Walter Roberson 2022-11-30

在 MATLAB Online 中打开

The below code takes several hours to run, mostly the last step. The function handle it produces starts with

@(f)exp(-3.96e+2./5.0).*integral(@(f2)integral(@(f1)exp(3.96e+2./5.0).*1.804851387845415e-35.*(

with the nested calls to integral(). It contains quite a number of very large coefficients beyond 1e250.

The portion I looked at did not have any calls to real() or imag() -- but I can only see a small portion because it is such a long expression.

If you do take this approach I recommend that you use the 'file' option for matlabFunction, and that you specifically ask for optimization to be false when you use the 'file' option (optimization has been producing incorrect results in recent MATLAB releases; I do not know if it is fixed in R2022b.)

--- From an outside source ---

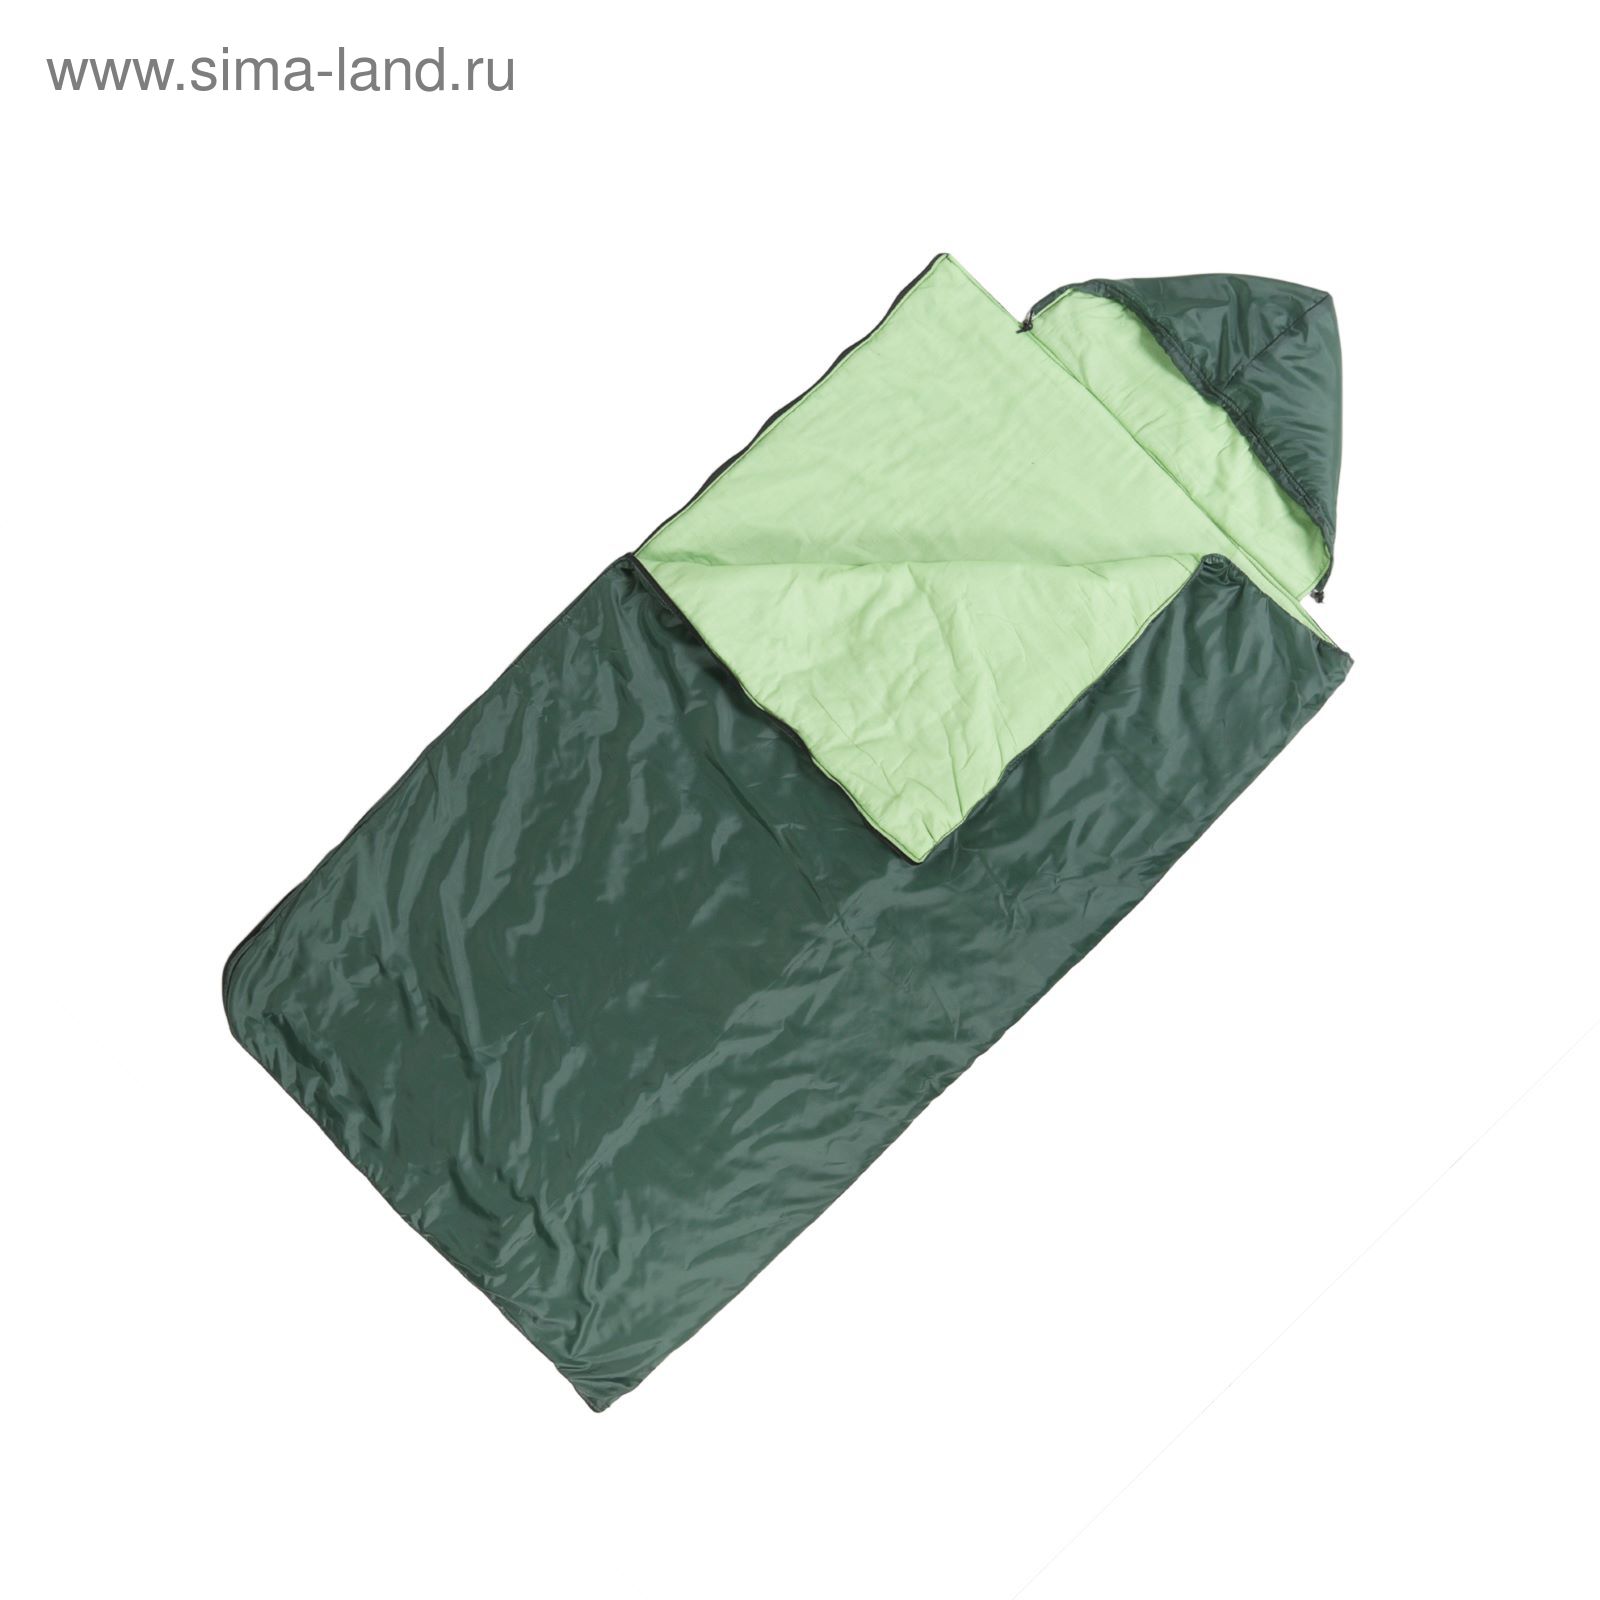 Спальный мешок "Комфорт" 2-х слойный, с капюшоном, увеличенный, размер 225 х 105 см

This all gives you a NLI as a symbolic expression in f, and gives you NLIF as function handle to process values of f numerically. It is not a closed-form formula: you are unlikely to get a closed form formula unless you do something like taylor series (keeping in mind that taylr series of an exponential is pretty inaccurate unless you restrict the range of inputs a fair bit.)

alfa = 0.2;      %field loss coefficient α
gamma = 1.3;       % fiber non-linearity coefficient　γ
Ns = 20;        %number of span
Ls = 100;       %span length         
beta2 = 20.7;     %dispersion coefficient
PI = sym(pi);
syms z f f1 f2
assume(z>0);
Le = (abs((int(exp(2*alfa-2*alfa*z),z,0,Ls))))^2;
assume(f,'real');   
assume(f1,'real');  
assume(f2,'real'); 
Le = ((int(exp(2*alfa-2*alfa*z),z,0,Ls)))^2;
p = (int(exp(1j*4*pi^2*(f1-f)*(f2-f)*beta2*z)*exp(2*z*(1-alfa)),z,0,Ls))^2;
p = real(p)^2*imag(p)^2;
p = expand(p)/Le;
%% formula of GNLI
%%p = matlabFunction(p);
pint1 = int(p,f1,-0.5,0.5); %integration about f1
pint2 = int(pint1,f2,-0.5,0.5); %integration about f2
NLI = (16/27)*gamma^2*Le*pint2; % NLI of 1span
NLIF = matlabFunction(NLI);